大胤天元五十三年,夏。
随元淮进京那天,是个晴天。
浅浅。
人如其名,浅浅的笑,浅浅的眉眼,浅浅地走进他心里,再也没出去过。
她不是他的正妻——他没有正妻——她只是他的侍妾。可所有人都知道,镇国将军身边只有她一个人。
这次进京,是奉旨述职。
随元淮骑在马上,旁边是一辆马车,车里坐着余浅浅。她掀开帘子,好奇地看着京城的街道。
“将军,京城好热闹。”她的声音带着江南的软糯。
随元淮没有回头,只是“嗯”了一声。
他戴着那张银色的面具,遮住了大半张脸。他从来在她面前没有摘下来过。
余浅浅看着他的背影,眼里闪过一丝复杂的情绪。
她从来没有见过他面具下的脸。她问过,他不说。她撒娇,他不理。她生气,他沉默。
后来她就不问了。
可她心里,始终有个结。
他想一辈子戴着面具,活在阴影里吗?
长信王府。
随拓比随元淮晚两天到京。
他这些年一直在外领兵,很少回京。

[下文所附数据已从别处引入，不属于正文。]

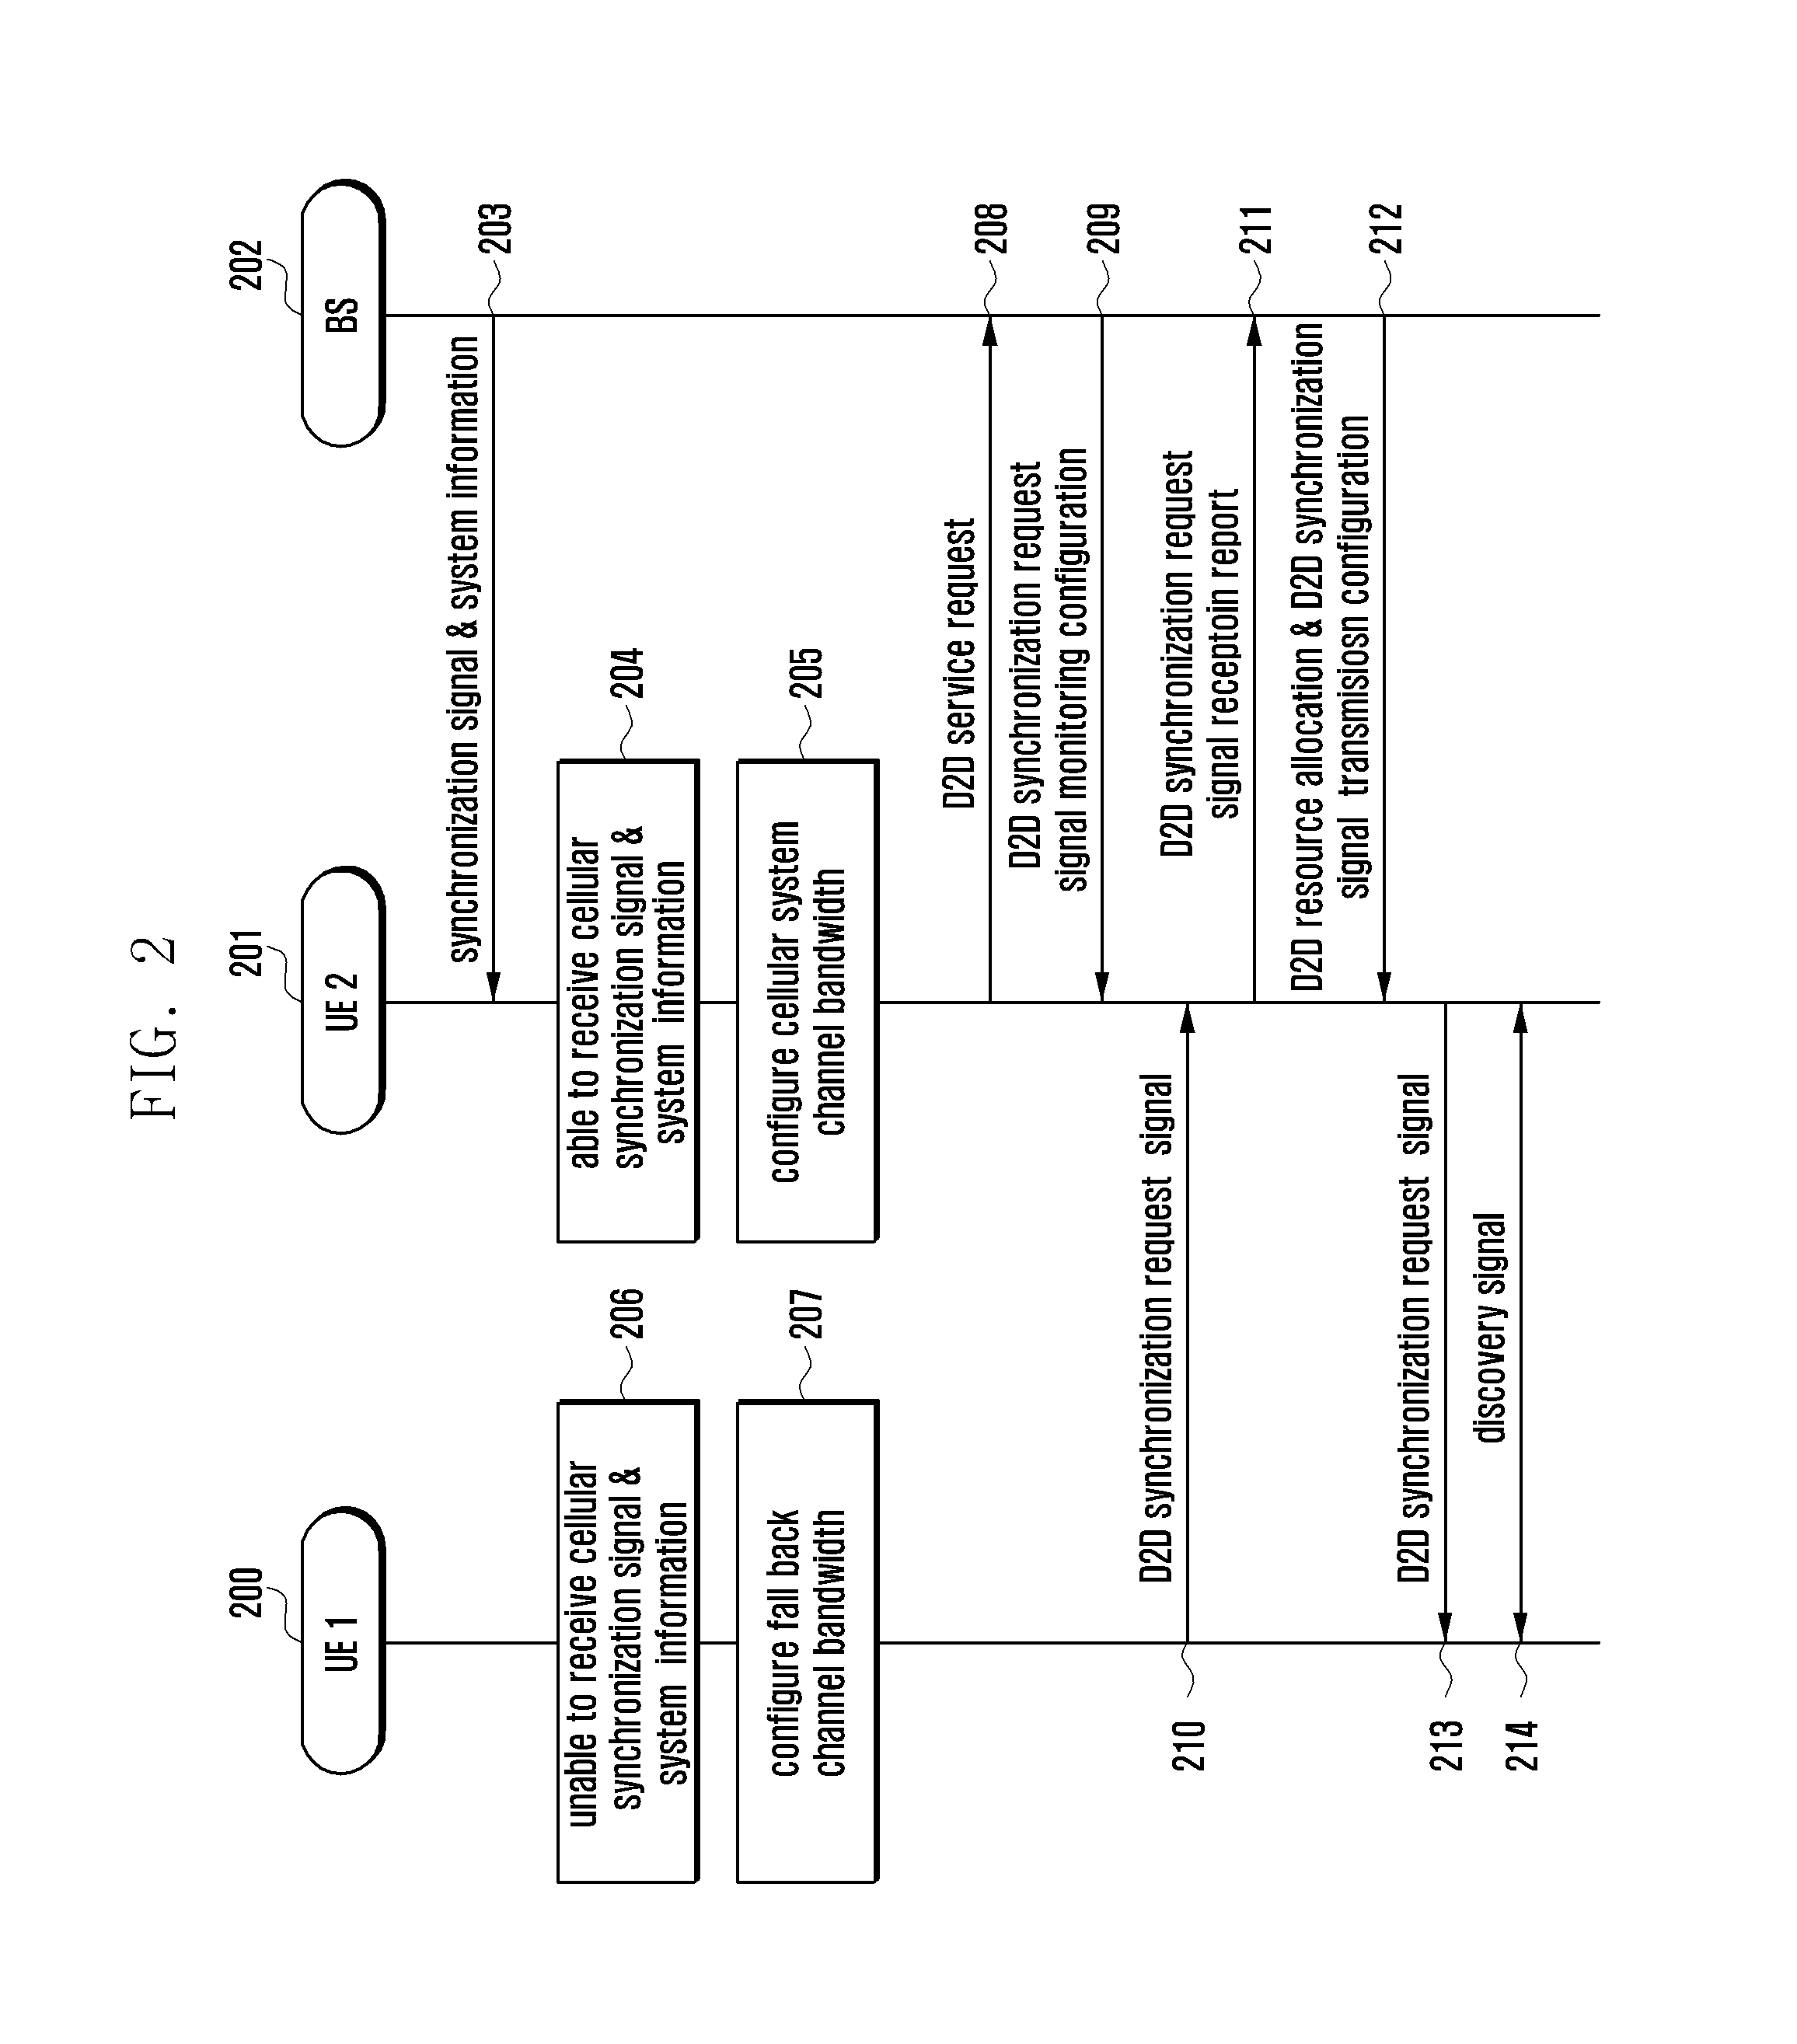 Method and apparatus for indicating discovery signal resources in device-to-device wireless communications

这次回来,是因为听说那孩子回来了。
他想见见他。
随元淮带着余浅浅,在京城最繁华的街上逛了一整天。
他给她买了很多东西。黄金饰,珠玉钗环,凡是她说好看的,他都买下来。他带她去最好的茶楼喝茶,去最好的酒楼吃饭。临走的时候,还往她手里塞了一沓银票。
“想买什么就买,别省着。”他说。
余浅浅看着手里的银票,又看看他的背影,心里暖暖的。
她知道他不善言辞,可他用行动对她好。
可她想要的,不是这些。
她想看看他面具下的脸。
定国公的女儿站在窗前,望着街上的热闹,脸色铁青。
她叫柳如烟,是定国公的掌上明珠,从小娇生惯养,要什么有什么。唯独一件事,让她耿耿于怀。
她想嫁给镇国将军随元淮。
随元淮刚封将军,尚未娶妻,满京城的贵女都盯着他。她也托人去说亲,可长信王府连个回话都没有,直接拒了。
她柳如烟,被拒了。
这口气,她咽不下去。
最后定国公求了皇后皇帝赐婚还能悔婚。
如今,随元淮回来了。她偷偷去看过他,看见他骑在马上,身姿挺拔,气宇轩昂。虽然他戴着面具,可她就是觉得,那面具底下,一定是一张俊美的脸。
她更后悔了。
“爹,”她找到定国公,“我想嫁给随元淮。”
定国公看了她一眼,叹了口气:“如烟,他有侍妾了。”
“一个侍妾而已。”柳如烟冷笑,“大不了,让她消失。”
定国公沉默了一会儿,点了点头。
“爹帮你。”
那天晚上,余浅浅一个人在客栈里休息。随元淮有事外出,留她一个人。
忽然有人敲门。
她打开门,看见一个陌生的丫鬟,笑盈盈地递上一个食盒。
“是将军让送来的,说是给您宵夜。”
余浅浅接过食盒,道了谢,关上门。
她打开食盒,里面是一碗热气腾腾的银耳羹。她没有多想,喝了下去。
片刻之后,她开始觉得浑身软,头脑昏沉。
有人推门进来。
是定国公的女儿,柳如烟。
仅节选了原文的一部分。